Sunday, July 29, 2012

Broken Bikes

I often talk about how experience is the most important thing ever for self-direction. To take it a little out of the realm of theory, I want to share a recent experience that I think will help me down the line.

Last Friday was supposed to be a pretty exciting day. Right after work I was going to be doing a huge bike ride, followed by a Blues dance at 8. Given the rest of the week being bad for various reasons, I was seriously looking forward to everything.


I got out of work and immediately biked over the meeting point. six of my other friends were there, and we set off with everybody else. Then, about ten minutes after we start, my front brake snaps. I immediately pull off the street and get down to fix it.


One problem: I don't know anything about bikes. I can change a tire and unjam a gear, but that's about it. I spend two hours staring and tinkering with the bike, trying to figure out what the heck is going on. To make matters worse the only tool I have is a wrench. Oh, and my false tooth falls out halfway through. That hurts a bit.


After finally working out how to fix the bike, I manage to get the brakes half working. I need special tools or two extra people in order to get them proper. It's already 8:00 now and I'm missing the dance. I try to find it, but because I'm far from the biking stop point I'm a little lost. I get more lost trying to find it, and by 8:30 I give up and bike back to the city.


Okay, so what does this have to do with experience? The lessons I'm learning from this are:


1) If you're not prepared everything can change from "awesome" to "terrible" in the span of a few seconds, and 
2) How to fix a brake.


The second lesson is a little more immediately useful. Hey, it's a new skill. Friday was incredibly frustrating and stressful, but that's in the past now. If the same thing happens in the future, I'll be prepared to handle it. It's also now a lot more obvious to me that I need to know my bike inside and out, so that a similar problem doesn't floor me either.


The first lesson, though, is gonna take a little longer to internalize. I didn't even realize the brakes could snap like that. How do I prepare for the unknown? I think a better thing to take away is that even if things spiral out like this, it's always recoverable.
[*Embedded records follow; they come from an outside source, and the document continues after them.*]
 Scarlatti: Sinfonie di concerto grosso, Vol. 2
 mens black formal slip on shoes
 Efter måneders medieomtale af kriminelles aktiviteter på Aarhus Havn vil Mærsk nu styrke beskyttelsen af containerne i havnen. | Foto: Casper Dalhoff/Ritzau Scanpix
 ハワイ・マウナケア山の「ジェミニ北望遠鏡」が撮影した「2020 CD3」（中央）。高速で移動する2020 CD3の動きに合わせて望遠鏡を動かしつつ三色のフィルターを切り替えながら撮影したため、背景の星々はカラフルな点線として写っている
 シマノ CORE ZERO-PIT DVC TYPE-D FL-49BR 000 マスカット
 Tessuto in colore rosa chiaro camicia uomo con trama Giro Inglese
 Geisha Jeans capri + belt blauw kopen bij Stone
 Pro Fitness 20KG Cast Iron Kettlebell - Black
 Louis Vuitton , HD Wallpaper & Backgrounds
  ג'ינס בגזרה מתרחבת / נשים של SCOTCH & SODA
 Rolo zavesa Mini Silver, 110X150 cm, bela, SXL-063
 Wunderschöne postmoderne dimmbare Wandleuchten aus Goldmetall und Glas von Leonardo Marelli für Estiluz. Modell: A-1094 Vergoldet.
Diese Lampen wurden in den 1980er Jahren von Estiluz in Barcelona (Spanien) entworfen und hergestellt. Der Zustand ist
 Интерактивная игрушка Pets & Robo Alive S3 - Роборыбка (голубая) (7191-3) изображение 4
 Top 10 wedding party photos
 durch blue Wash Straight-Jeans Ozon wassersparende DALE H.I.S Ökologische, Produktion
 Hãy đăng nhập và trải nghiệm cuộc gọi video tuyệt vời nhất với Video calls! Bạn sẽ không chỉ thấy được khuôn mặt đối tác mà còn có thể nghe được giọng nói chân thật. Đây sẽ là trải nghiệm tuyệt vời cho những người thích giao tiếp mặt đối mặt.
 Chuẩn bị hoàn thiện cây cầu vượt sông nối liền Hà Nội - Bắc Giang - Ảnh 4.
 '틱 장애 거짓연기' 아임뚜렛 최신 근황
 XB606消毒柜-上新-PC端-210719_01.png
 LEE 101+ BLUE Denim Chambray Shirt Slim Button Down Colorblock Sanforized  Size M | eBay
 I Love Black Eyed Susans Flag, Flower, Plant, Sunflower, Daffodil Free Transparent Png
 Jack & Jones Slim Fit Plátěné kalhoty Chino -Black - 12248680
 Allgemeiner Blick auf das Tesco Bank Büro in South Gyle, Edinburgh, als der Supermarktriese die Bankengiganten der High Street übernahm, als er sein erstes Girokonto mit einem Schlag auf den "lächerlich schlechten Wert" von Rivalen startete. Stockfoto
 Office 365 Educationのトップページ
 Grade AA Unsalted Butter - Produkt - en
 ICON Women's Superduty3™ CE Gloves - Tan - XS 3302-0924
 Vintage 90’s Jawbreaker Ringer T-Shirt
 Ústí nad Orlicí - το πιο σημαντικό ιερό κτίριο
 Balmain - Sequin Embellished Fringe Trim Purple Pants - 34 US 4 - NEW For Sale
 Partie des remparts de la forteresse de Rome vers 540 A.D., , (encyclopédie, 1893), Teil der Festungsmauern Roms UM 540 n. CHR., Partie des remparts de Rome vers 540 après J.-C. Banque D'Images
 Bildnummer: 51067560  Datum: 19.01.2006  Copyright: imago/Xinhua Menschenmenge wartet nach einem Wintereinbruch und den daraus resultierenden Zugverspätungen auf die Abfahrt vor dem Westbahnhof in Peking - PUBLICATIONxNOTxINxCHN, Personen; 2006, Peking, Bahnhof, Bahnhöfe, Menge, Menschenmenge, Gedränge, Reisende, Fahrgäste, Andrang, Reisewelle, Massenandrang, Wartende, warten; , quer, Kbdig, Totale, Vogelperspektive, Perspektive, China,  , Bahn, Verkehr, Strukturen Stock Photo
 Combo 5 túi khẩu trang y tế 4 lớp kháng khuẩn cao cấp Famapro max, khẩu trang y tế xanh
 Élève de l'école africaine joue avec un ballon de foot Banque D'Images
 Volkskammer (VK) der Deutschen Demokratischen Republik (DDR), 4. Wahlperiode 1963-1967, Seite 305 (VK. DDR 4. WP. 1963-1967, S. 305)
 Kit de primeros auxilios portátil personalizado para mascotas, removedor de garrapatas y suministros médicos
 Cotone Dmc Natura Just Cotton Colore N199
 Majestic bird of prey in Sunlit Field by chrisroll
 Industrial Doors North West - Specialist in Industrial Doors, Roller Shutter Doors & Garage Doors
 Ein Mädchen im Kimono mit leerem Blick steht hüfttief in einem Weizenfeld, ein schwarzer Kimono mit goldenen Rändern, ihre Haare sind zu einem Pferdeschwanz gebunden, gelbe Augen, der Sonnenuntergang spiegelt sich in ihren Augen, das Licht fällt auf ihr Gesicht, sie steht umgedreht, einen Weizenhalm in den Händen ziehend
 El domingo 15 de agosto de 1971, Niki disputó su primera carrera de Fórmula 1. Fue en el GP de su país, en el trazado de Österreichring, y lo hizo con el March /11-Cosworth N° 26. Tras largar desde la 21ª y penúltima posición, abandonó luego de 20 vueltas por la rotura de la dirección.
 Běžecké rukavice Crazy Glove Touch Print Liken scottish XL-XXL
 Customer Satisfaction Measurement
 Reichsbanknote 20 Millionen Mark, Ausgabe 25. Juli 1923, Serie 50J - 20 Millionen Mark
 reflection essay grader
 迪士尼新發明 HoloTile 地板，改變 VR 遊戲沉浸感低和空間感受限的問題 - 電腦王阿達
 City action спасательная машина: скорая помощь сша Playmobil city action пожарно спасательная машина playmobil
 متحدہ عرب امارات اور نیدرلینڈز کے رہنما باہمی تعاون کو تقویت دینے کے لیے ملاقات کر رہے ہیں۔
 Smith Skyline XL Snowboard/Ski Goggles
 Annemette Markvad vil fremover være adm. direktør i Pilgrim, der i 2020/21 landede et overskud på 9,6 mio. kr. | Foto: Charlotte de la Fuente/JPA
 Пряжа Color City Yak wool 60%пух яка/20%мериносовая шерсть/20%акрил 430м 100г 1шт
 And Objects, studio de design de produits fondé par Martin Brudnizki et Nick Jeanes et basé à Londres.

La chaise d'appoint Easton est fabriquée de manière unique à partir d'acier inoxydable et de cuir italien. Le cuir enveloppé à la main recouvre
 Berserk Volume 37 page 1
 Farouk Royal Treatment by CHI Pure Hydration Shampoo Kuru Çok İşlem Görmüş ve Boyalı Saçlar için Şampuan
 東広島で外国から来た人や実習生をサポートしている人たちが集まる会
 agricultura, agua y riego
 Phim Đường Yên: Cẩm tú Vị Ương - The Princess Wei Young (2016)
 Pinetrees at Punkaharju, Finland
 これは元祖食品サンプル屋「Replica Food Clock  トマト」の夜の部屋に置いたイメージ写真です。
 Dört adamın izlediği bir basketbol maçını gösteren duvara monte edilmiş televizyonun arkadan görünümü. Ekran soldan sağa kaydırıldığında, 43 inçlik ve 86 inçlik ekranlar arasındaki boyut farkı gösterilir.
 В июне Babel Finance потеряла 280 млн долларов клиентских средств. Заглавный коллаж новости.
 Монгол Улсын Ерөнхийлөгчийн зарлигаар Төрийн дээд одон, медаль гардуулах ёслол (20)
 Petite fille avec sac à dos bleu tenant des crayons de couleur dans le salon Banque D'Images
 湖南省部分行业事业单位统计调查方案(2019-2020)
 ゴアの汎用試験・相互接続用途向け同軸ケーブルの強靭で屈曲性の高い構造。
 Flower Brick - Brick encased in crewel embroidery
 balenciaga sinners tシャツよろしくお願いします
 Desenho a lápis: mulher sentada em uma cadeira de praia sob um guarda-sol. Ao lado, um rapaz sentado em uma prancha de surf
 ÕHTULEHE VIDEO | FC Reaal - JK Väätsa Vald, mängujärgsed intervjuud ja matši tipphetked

It could take a few hours to get back on track, but at least I will get back on track, and I'll learn something out of it.


If you asked me before the ride "hey, do you want your brakes to snap and you learn how to fix them", I would say "hell no". If you asked me now "hey, do you want to have it so your brakes never snapped and you never learned how to fix them", I'd probably say "no" again, although I don't know how I'd handle the temptation.  I think that's a really interesting comment on how we make choices: even if we know something is better for us in the long run, and we'll be glad it happened once its over, we'll still refuse to choose it.